As in climate change, ignore the deniers.
By Liam Kerr, DFER-MA State Director
Climate change deniers often argue that some scientists agree with their position. Yet here in Massachusetts, we know that climate change is real—and we know something’s not right when a lone, climate change-denying scientist uses a questionable study to disagree with the vast majority of widely accepted scientific research. When evidence overwhelmingly points in one direction, we shouldn’t give equal weight to the one data point in the opposite direction, especially when it is questionably obtained. The same kind of logic should apply to the “debate” over public charter school demand in Boston.
Just like with climate science, the majority of evidence is clear: Boston parents and voters support public charter schools. An ERN poll last winter—using President Obama’s pollster—found that more than 70% of Boston voters view charter schools favorably. A majority of respondents to the same poll said they would send their children to a Boston public charter school over a traditional district public school.
But, you don’t have to take just our word for it. WBUR (Boston’s NPR station) sponsored a September 2013 poll by MassINC that found 61% of Boston residents favor lifting the cap on public charter schools. A Herald/Suffolk University poll from July 2013 found that Boston parents would rather send their children to a public charter school than a district school. Now, as the MA Senate mulls a charter cap lift, a poll commissioned by the Massachusetts Charter Public School Association found that 62% of parents support raising the cap. And these results are backed up by those with the most at stake—the 20,000 students on waiting lists for Boston charter schools.
As with climate change, the consensus is clear. But an article published in yesterday’s Boston Globe told a slightly different story. The piece reported on the latest poll finding strong support for lifting the charter cap—but allotted equal space to a BTU poll finding that only 29% of voters favored public charter schools in Boston.

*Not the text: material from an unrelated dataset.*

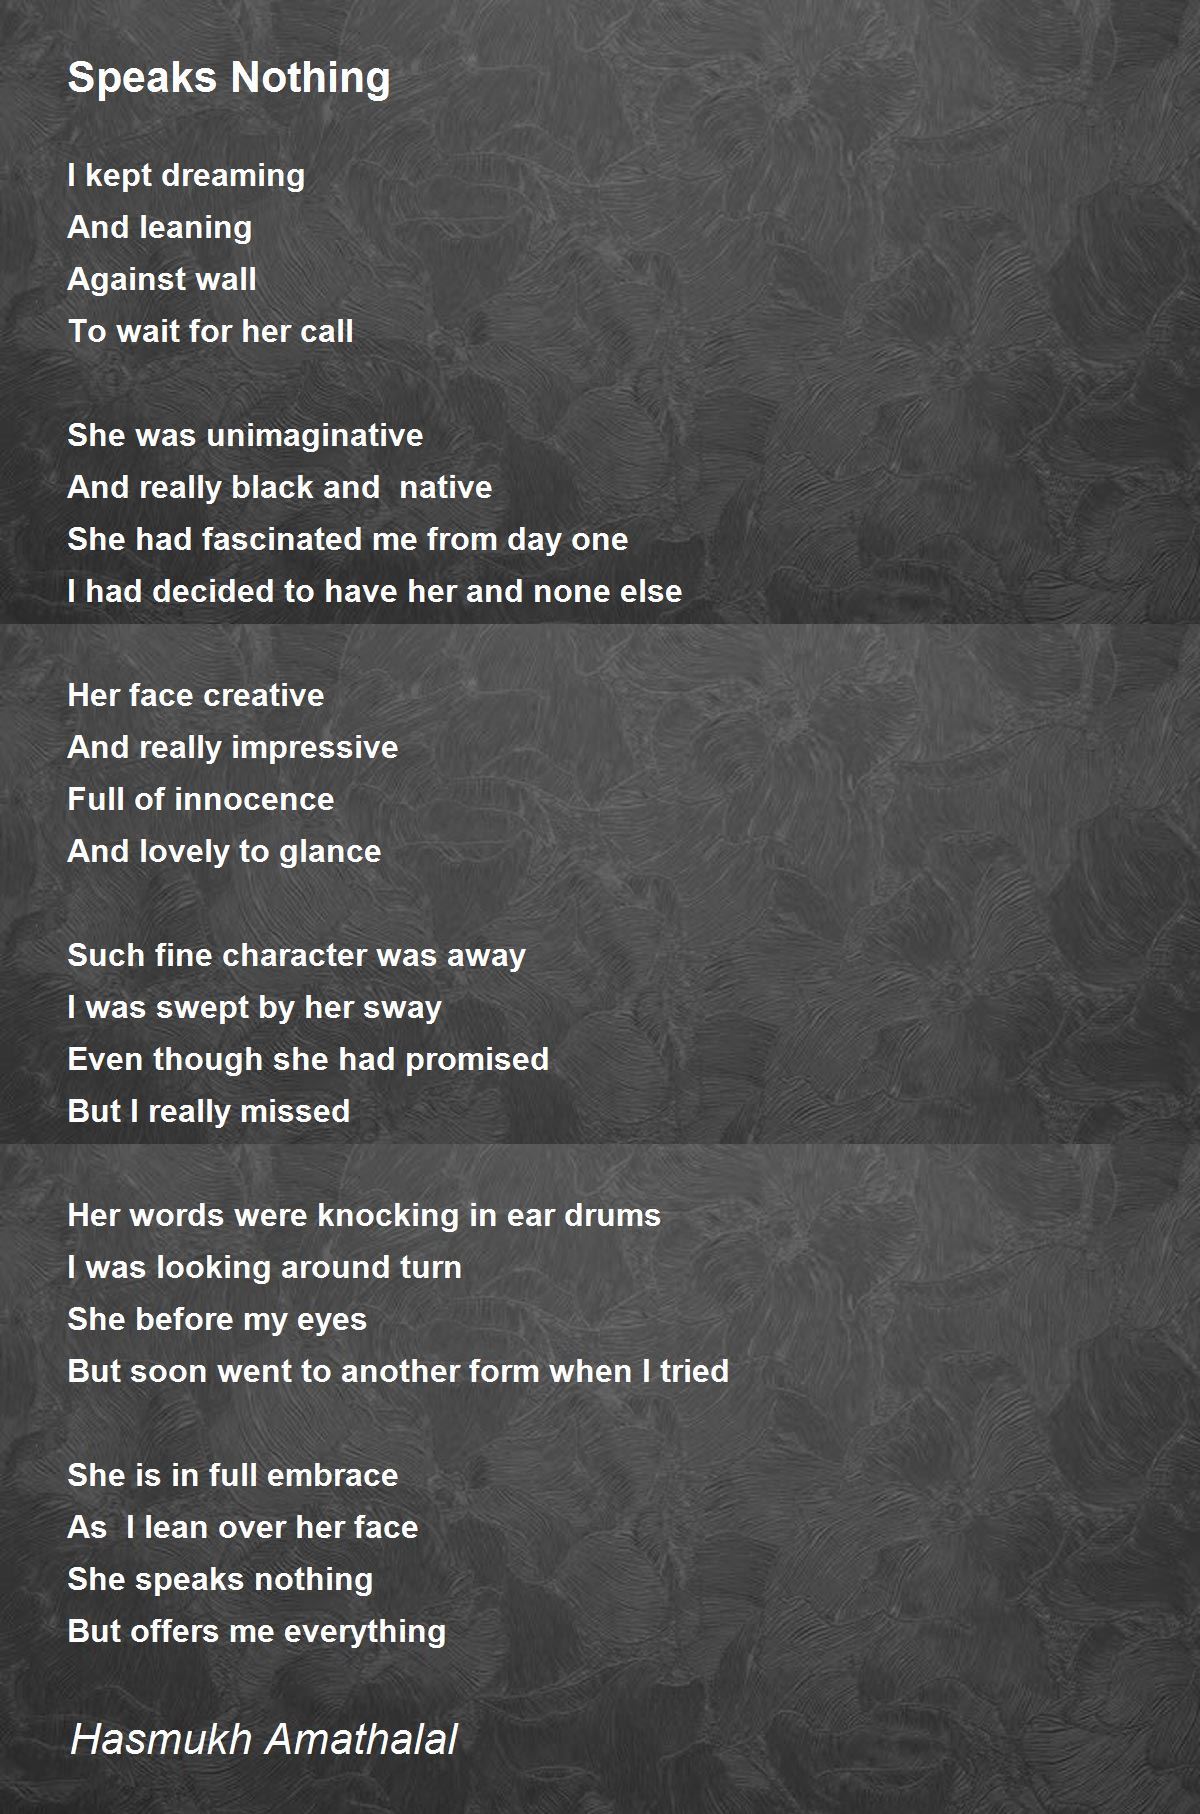 Speaks Nothing - Speaks Nothing Poem by Mehta Hasmukh Amathaal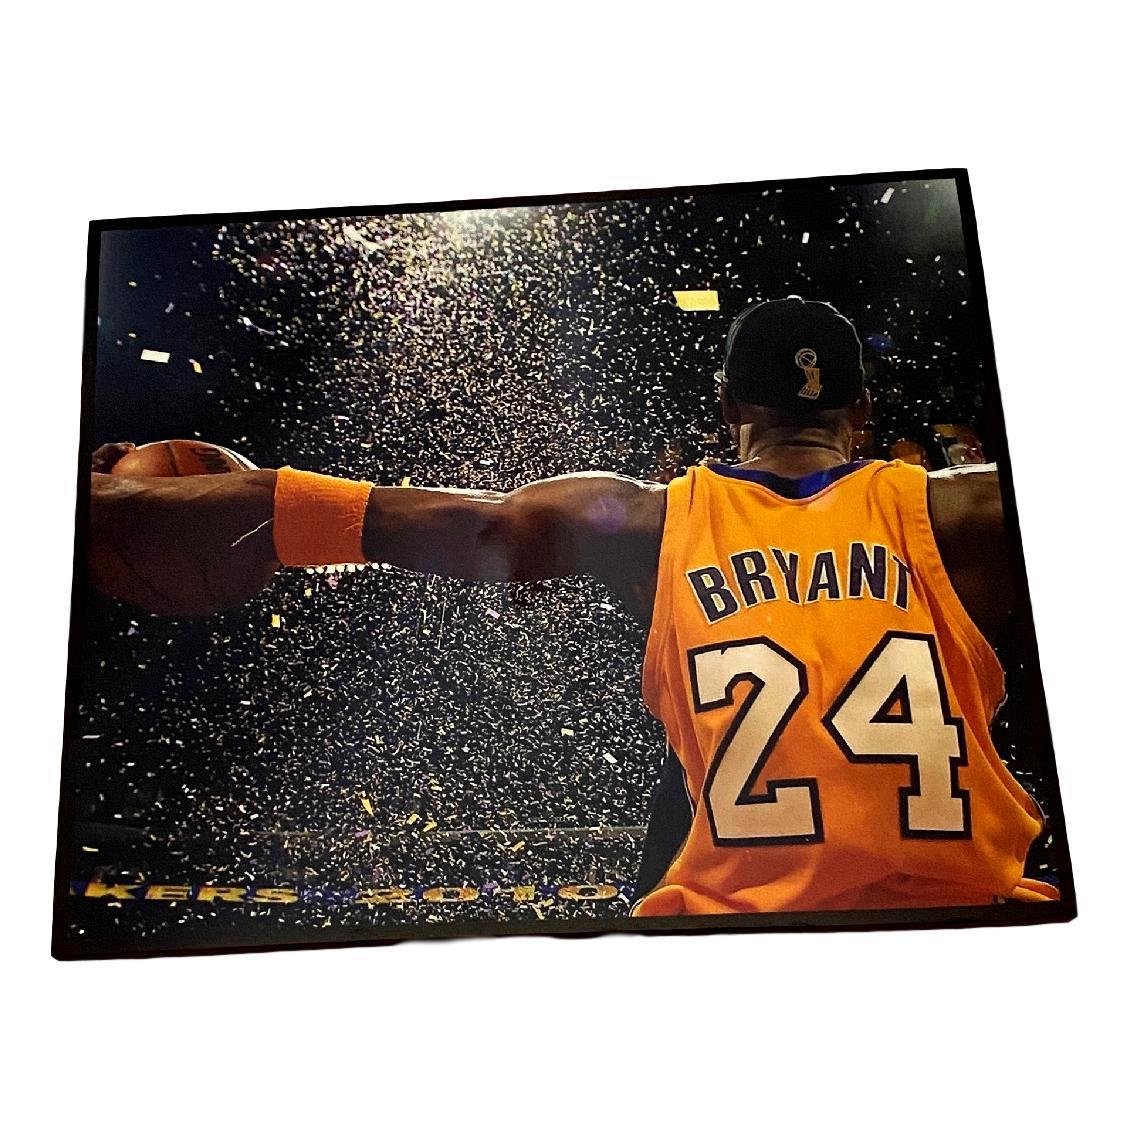 ポップ ビンテージ クール なデザインあります 送料無料 コービー ブライアント Kobe Bean Bryant バスケ アートパネル 壁掛け 据え置き 壁掛けフック付き アーティスト Popパネル インテリア アートフレーム ポスター Cool 面白い かっこいい アート 雑貨 カフェ

The BTU poll is clearly an outlier, and looking at the wording of the question on the poll explains why: respondents were asked to choose between focusing on the “large majority of Boston’s students” instead of “charters that only serve a few.” While the Herald, ERN, WBUR, and MPCSA polls all asked straightforward questions such as “should the limit on the number of students who can attend charter schools in Boston be kept in place as it is today OR should the limit be raised so more students from Boston can attend charter schools?”, this push poll yields a strongly biased result—due to setting up a question that nearly anyone would agree with.
Maybe another poll, neutral and methodologically sound, could put to bed once and for all the doubts about charter school demand. Just as in climate change, we’re fairly certain results will be consistent.
But if the BTU is convinced to the contrary, they should develop a fair question for us to ask. They can even choose the pollster. Deal?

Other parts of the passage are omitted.